To evaluate the migration law for fluid in a fractured porous medium, the transmissivity (T_a) was defined [33,34,35].

$$-\frac{d{P}_{\mathrm{s}}}{dL}=\frac{\mu }{T_a}Q$$

(5)

Combinations of Equations (3) and (5) yield the following Equation (6):

$$T_a=K_0{A}_0$$

(6)

in which, T_a is the transmissivity, m⁴.

The variations in T_a as a function of p_c are displayed in Figure 10. As p_c increases, T_a shows a decrease. However, T_a shows an increase with the heating temperature, and the extent of increase gradually increases. For smaller p_c values (10, 15 and 20 MPa), T_a is sensitive to p_c due to pore/crack closure, especially for samples at higher temperature levels. However, for larger p_c values, the reduction rate for T_a gradually decreases, because the induced cracks that are due to thermal damage generally reach their residual crack apertures.

5. Conclusions

From the SEM results, thermal damages, such as micro-cracks and pores, initiate in the granites as a result of high-temperature exposure. As the temperature increases, both the density and the P-wave velocity show degradation.

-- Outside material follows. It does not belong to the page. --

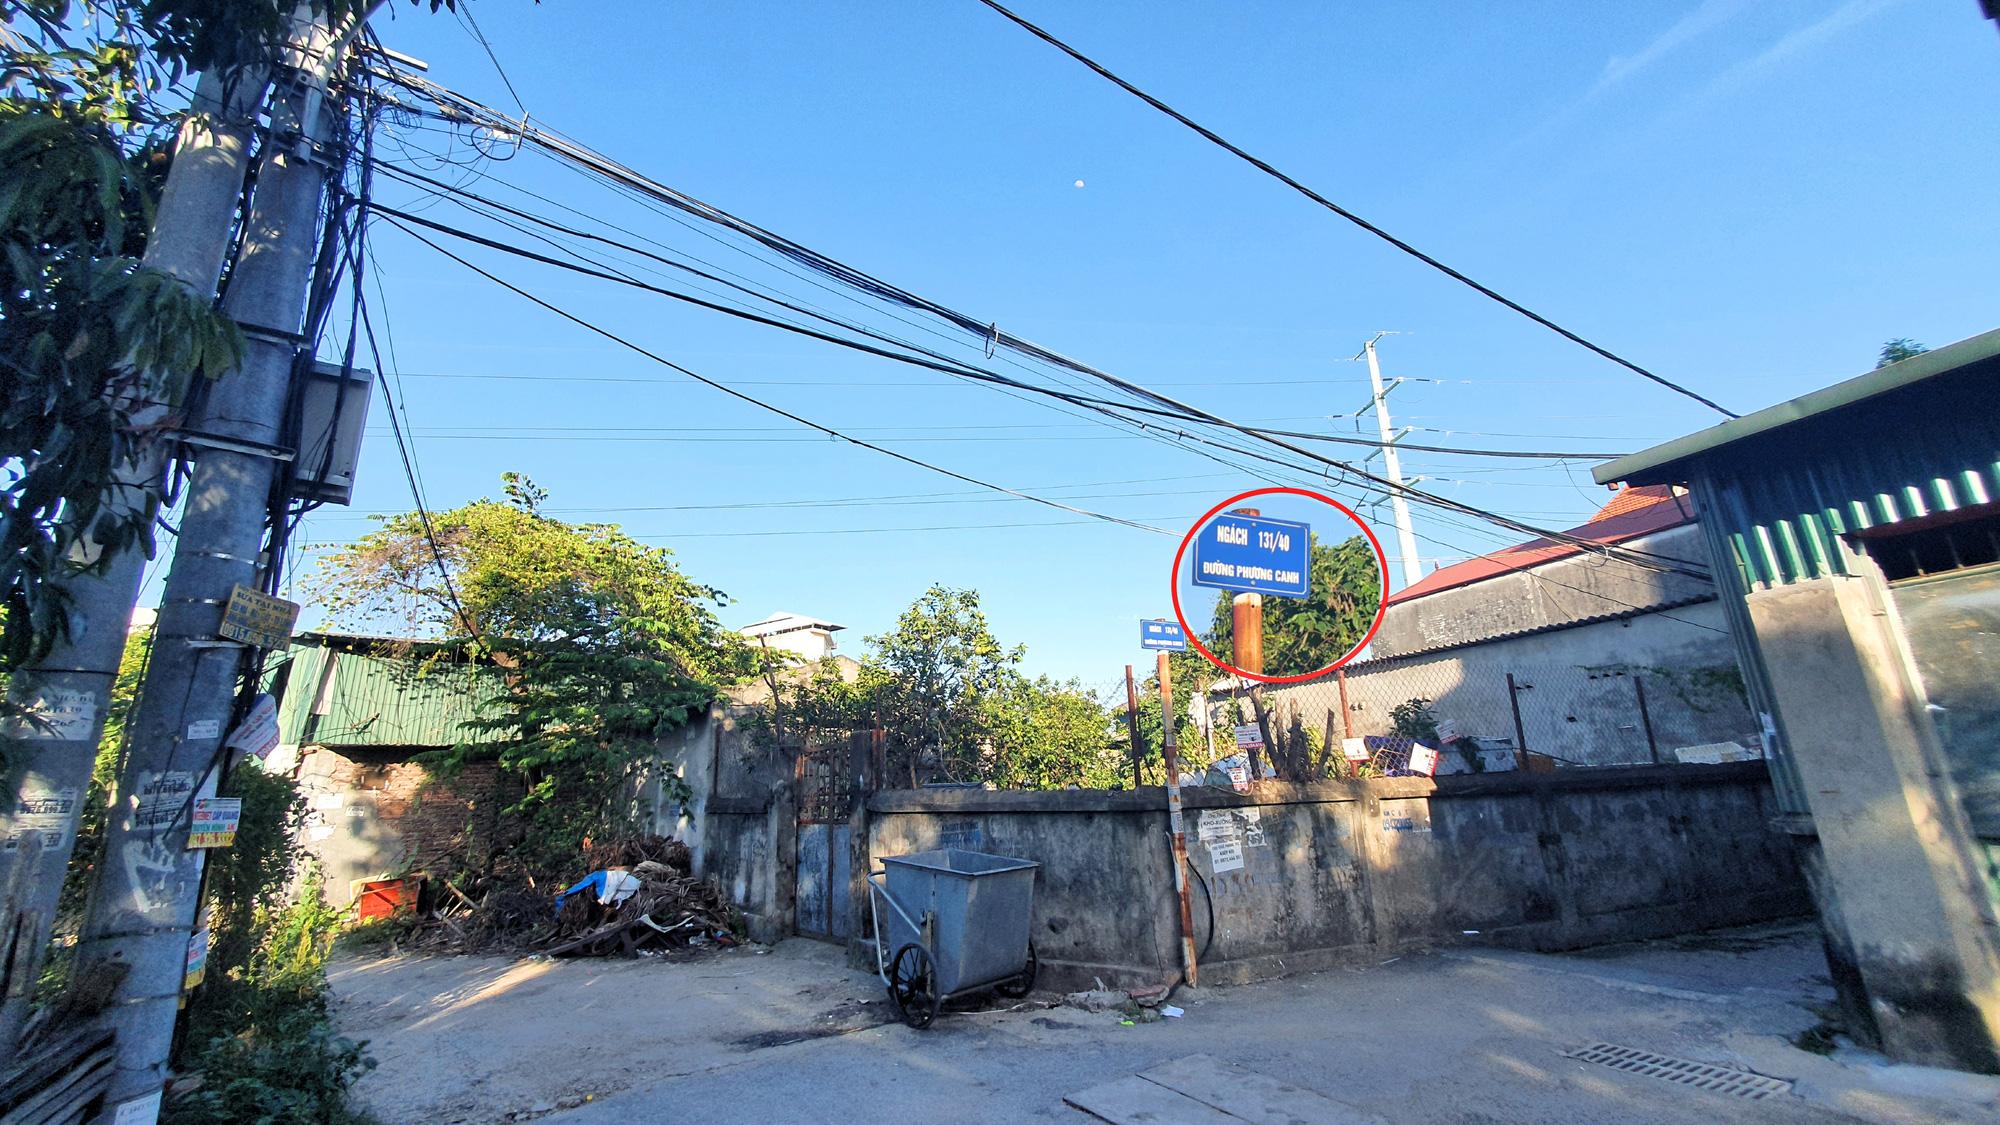 Cận cảnh đường nối KĐT Xuân Phương - Quốc lộ 32 sắp mở ở Nam Từ Liêm, Hà Nội - Ảnh 7.

The relationships between the volume flow rate and the pressure gradient in granite samples after high temperatures at various confining pressures can be well described using Darcy’s law. The equivalent permeability coefficients of the samples show an increase with the temperature, and the variation process can be described using the mathematical expression K₀ = A × 1.01^T.

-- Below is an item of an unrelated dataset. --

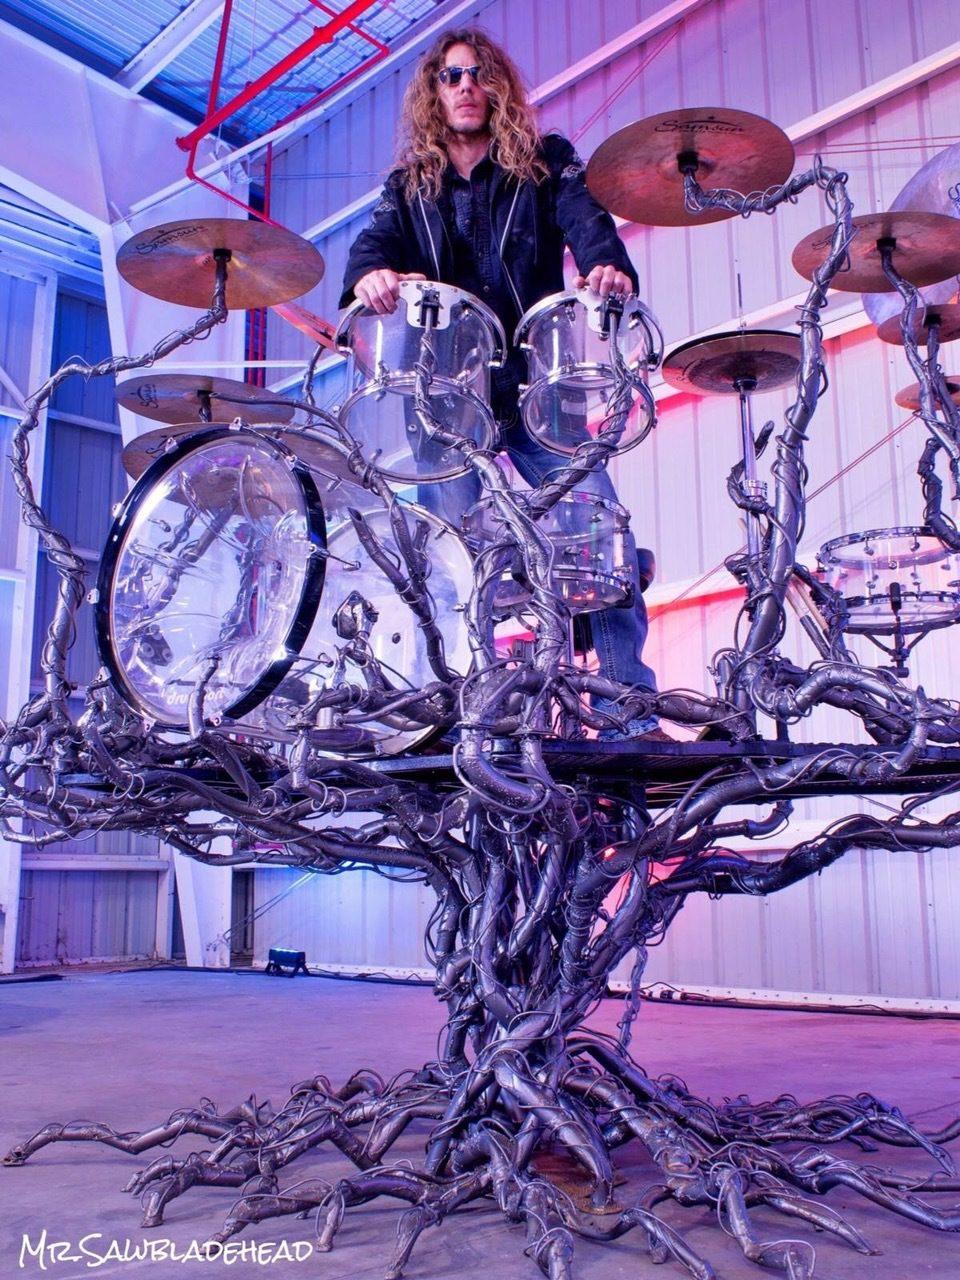 Mr. Sawbladehead Life Tree Drum Sculpture

As the confining pressure increases, the conductivity of the samples shows a decrease due to crack/pore closure, especially for samples after higher temperature treatment. In the range of confining pressure from 10 MPa to 30 MPa, the transmissivity shows a decrease of 65.12%–85.99%. These results are useful for research and applications that are involved in many areas, such as the disposal of nuclear wastes.